Makkari, formerly known as Hurricane and Mercury, is a character appearing in American comic books published by Marvel Comics. Created by Martin A. Burnstein and Jack Kirby, the character first appeared as Makkari in The Eternals #5 (November 1976), but through retroactive continuity was later established as also having been Mercury in Red Raven Comics #1 (August 1940). He is a member of the Eternals, a race of superhumans in the Marvel Universe. He was also a member of the First Line and Monster Hunters.

Lauren Ridloff portrays a deaf female version of Makkari in the Marvel Cinematic Universe, debuting in Eternals (2021).

Publication history
Originally, Makkari was a character in Jack Kirby's The Eternals. Mark Gruenwald later reintroduced Makkari as a long-running supporting character in the Quasar series.

Hurricane reappears as a member of the Monster Hunters in Marvel Universe #4 (September 1998), in a story set in the 1950s.
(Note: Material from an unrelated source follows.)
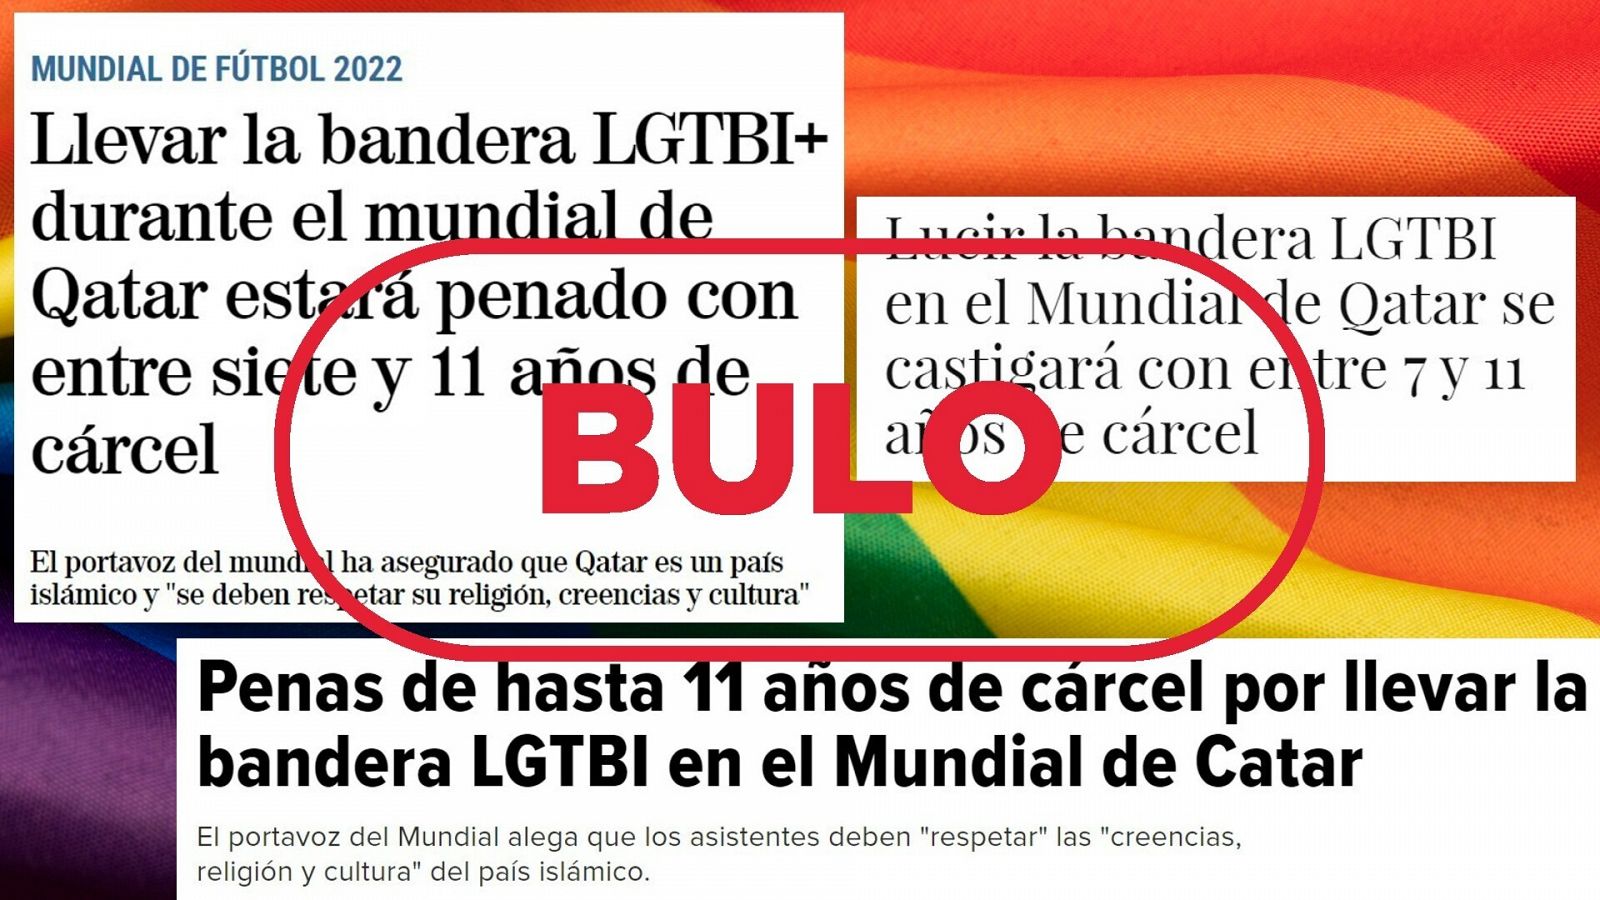  Titulares que difunden el bulo sobre la prohibición de exhibir la bandera LGTBI en el Mundial de Catar con el sello: Bulo

By the end of this three-issue story, it turns out the monsters they are hunting are actually Deviants and Hurricane is revealed to be Makkari. Marvel Comics continuity was later retconned so that the character presented as the mythological god Mercury, introduced in Red Raven Comics #1 (August 1940; "Mercury in the 20th Century" by artist Kirby and writer Martin A. Bursten, pen name "Burstein"), was actually Makkari. Mercury was only seen in that single story, in which he worked to thwart the machinations of Pluto.
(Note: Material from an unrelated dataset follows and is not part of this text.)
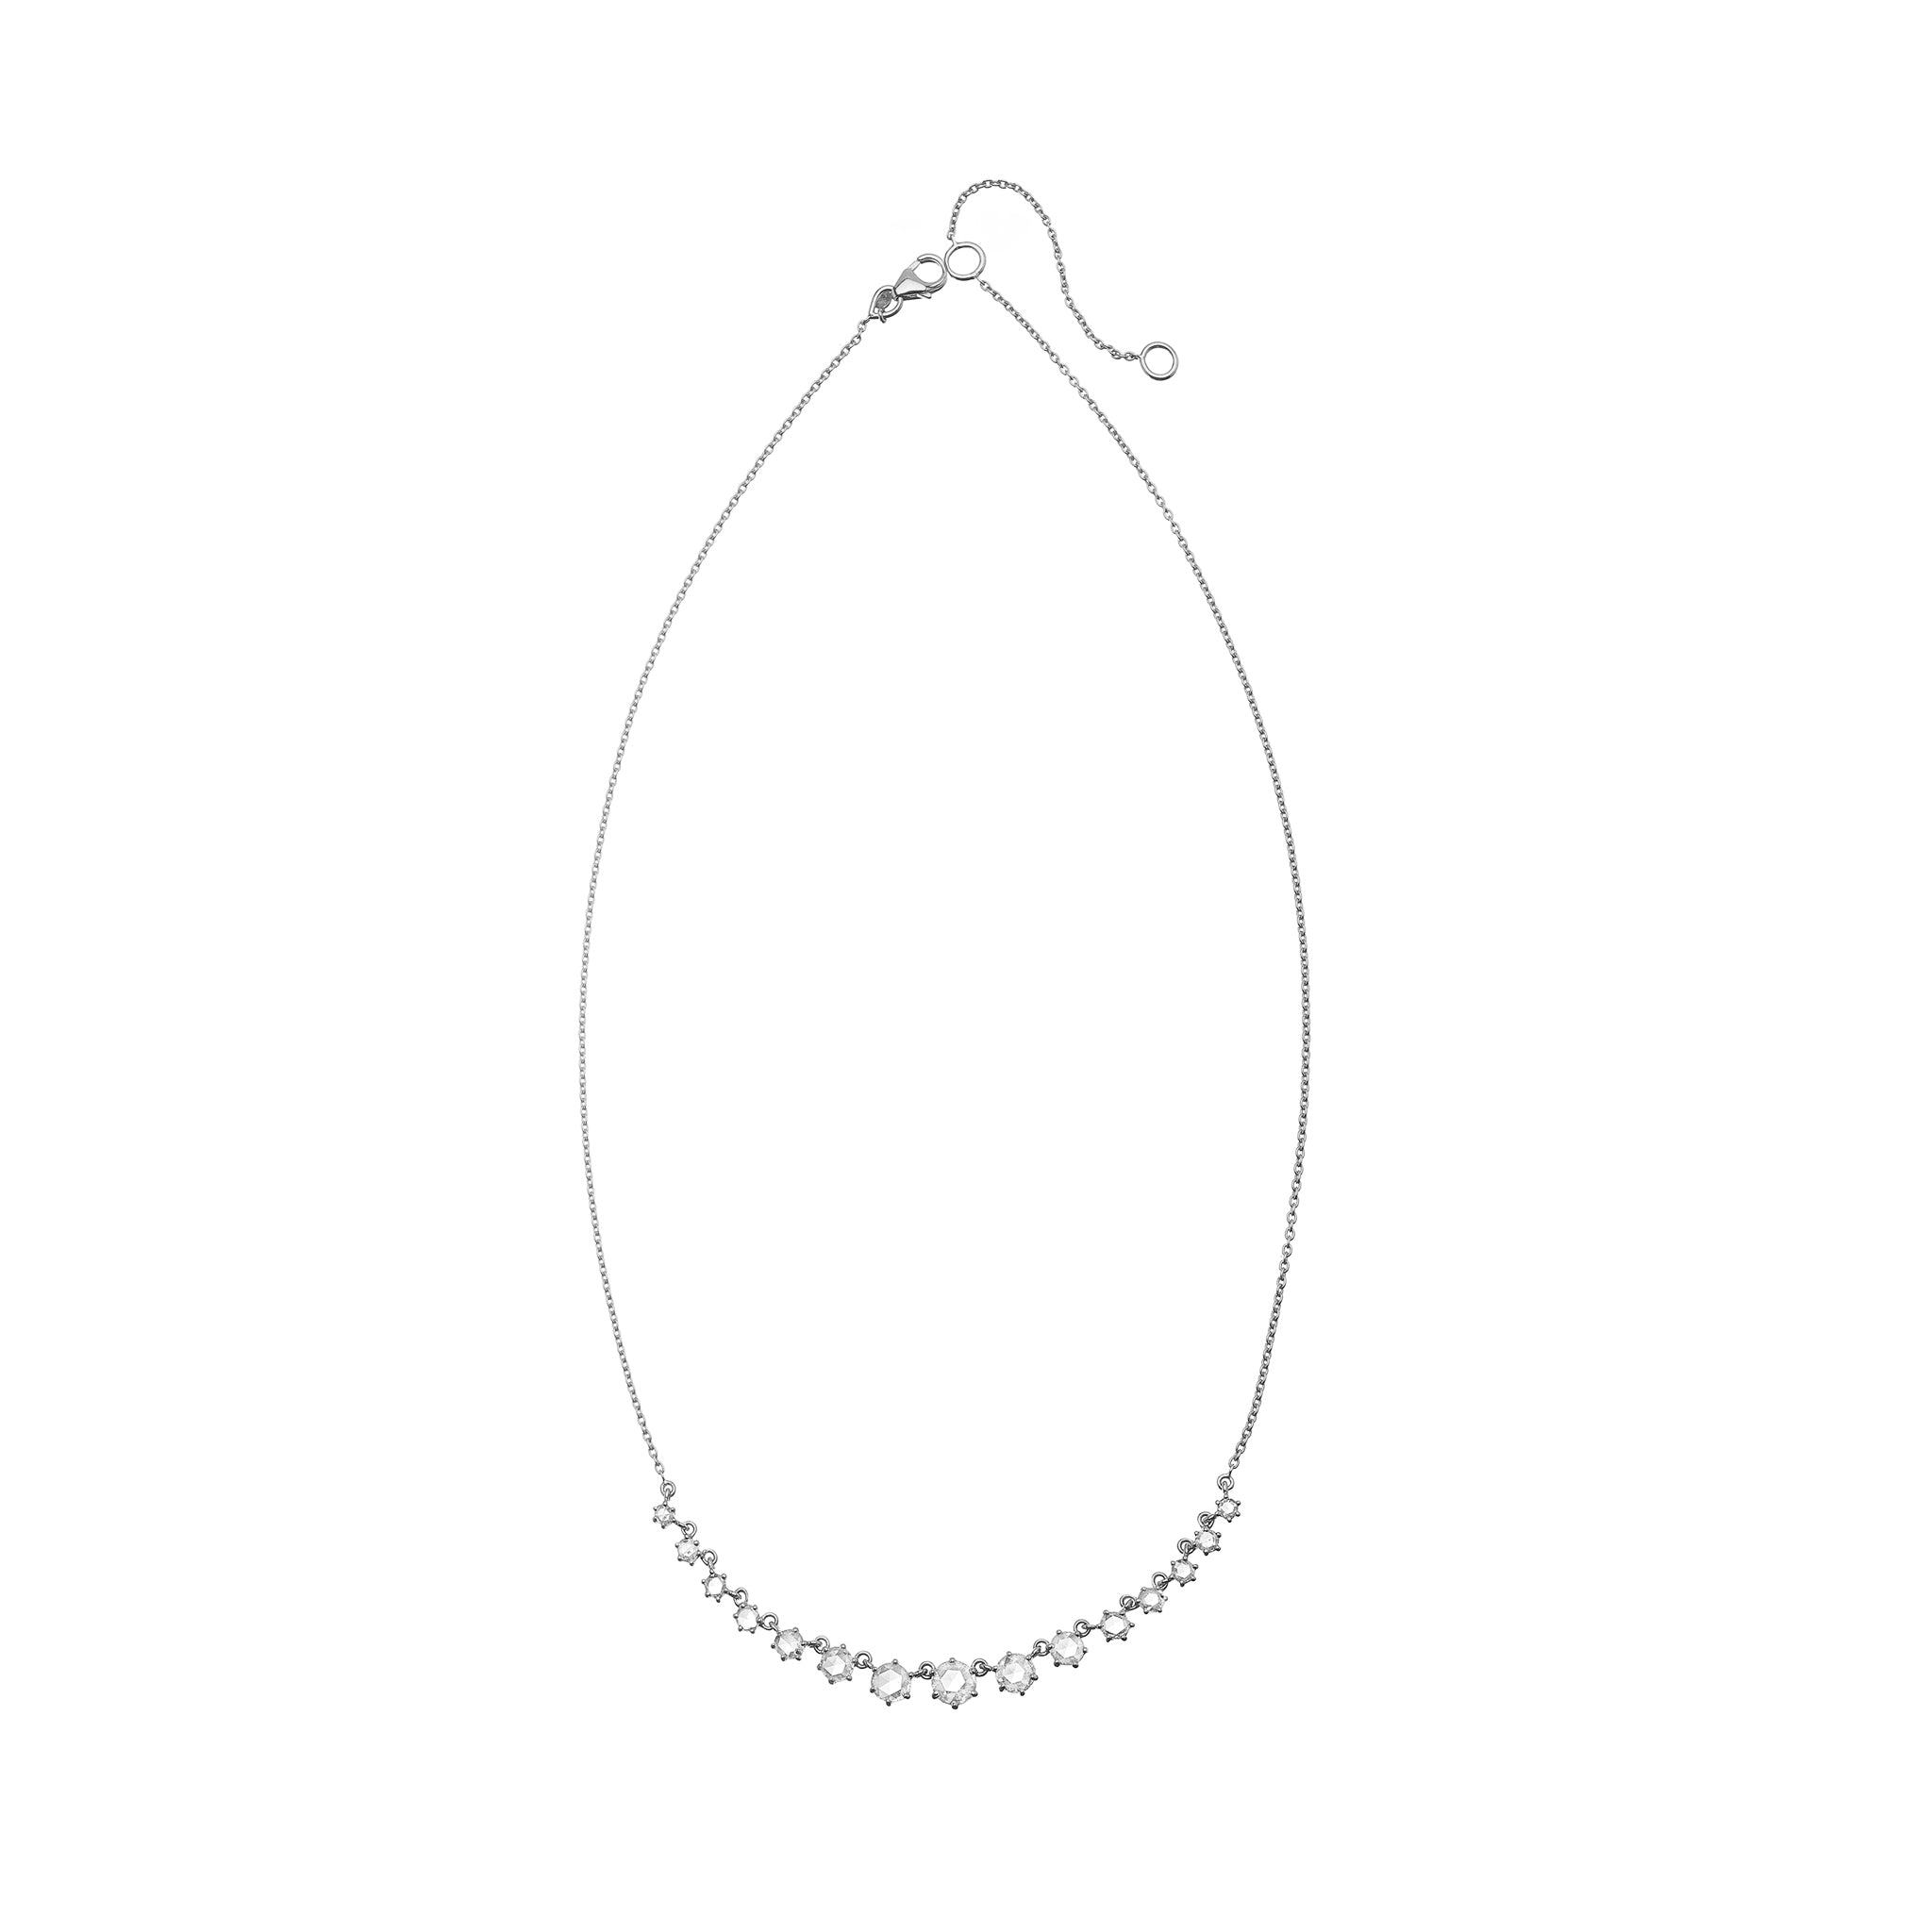 Alexa White Diamond Necklace

Makkari is featured as one of the main characters in the Marvel limited series Eternals (2006–07), written by Neil Gaiman and penciled by artist John Romita Jr.

Fictional character biography
Makkari is the son of Verona and Mara, born in Olympia, the capital city of the Eternals of Earth. He is a member of the Eternals' Technologist's Guild and is skilled at designing and building high-speed vehicles. Makkari has involved himself in Earth's affairs more often than most Eternals. Under the name Thoth, he taught writing to the Egyptians. He was taught philosophy by Plato. He rescued Sersi from Nero's Fire. He spent some time as the charioteer of Darius I of Persia. He witnessed the Trojan War, the reign of Vlad the Impaler, and the Alamo.

In the 1940s, he worked on Earth, per Zuras' request, under the aliases "Hurricane" and "Mercury" (an example of retcon, these Golden Age characters were not originally supposed to be related), and fought Warlord Kro and Deviant Mutates alongside the Monster Hunters, a team he formed using his identity as National Security Agent Jake Curtiss. Later on, he taught Elvis Presley a few guitar tricks. Following the disbanding of the Monster Hunters, Makkari was convinced by Pixie to join the First Line as "Major Mercury".{{efn|Between Marvel: The Lost Generation #4 and Marvel: The Lost Generation #5}} He and First Line fought against the original Skrull invasion of Earth, and, along with Yeti and Pixie, was one of the few members of First Line to survive the conflict.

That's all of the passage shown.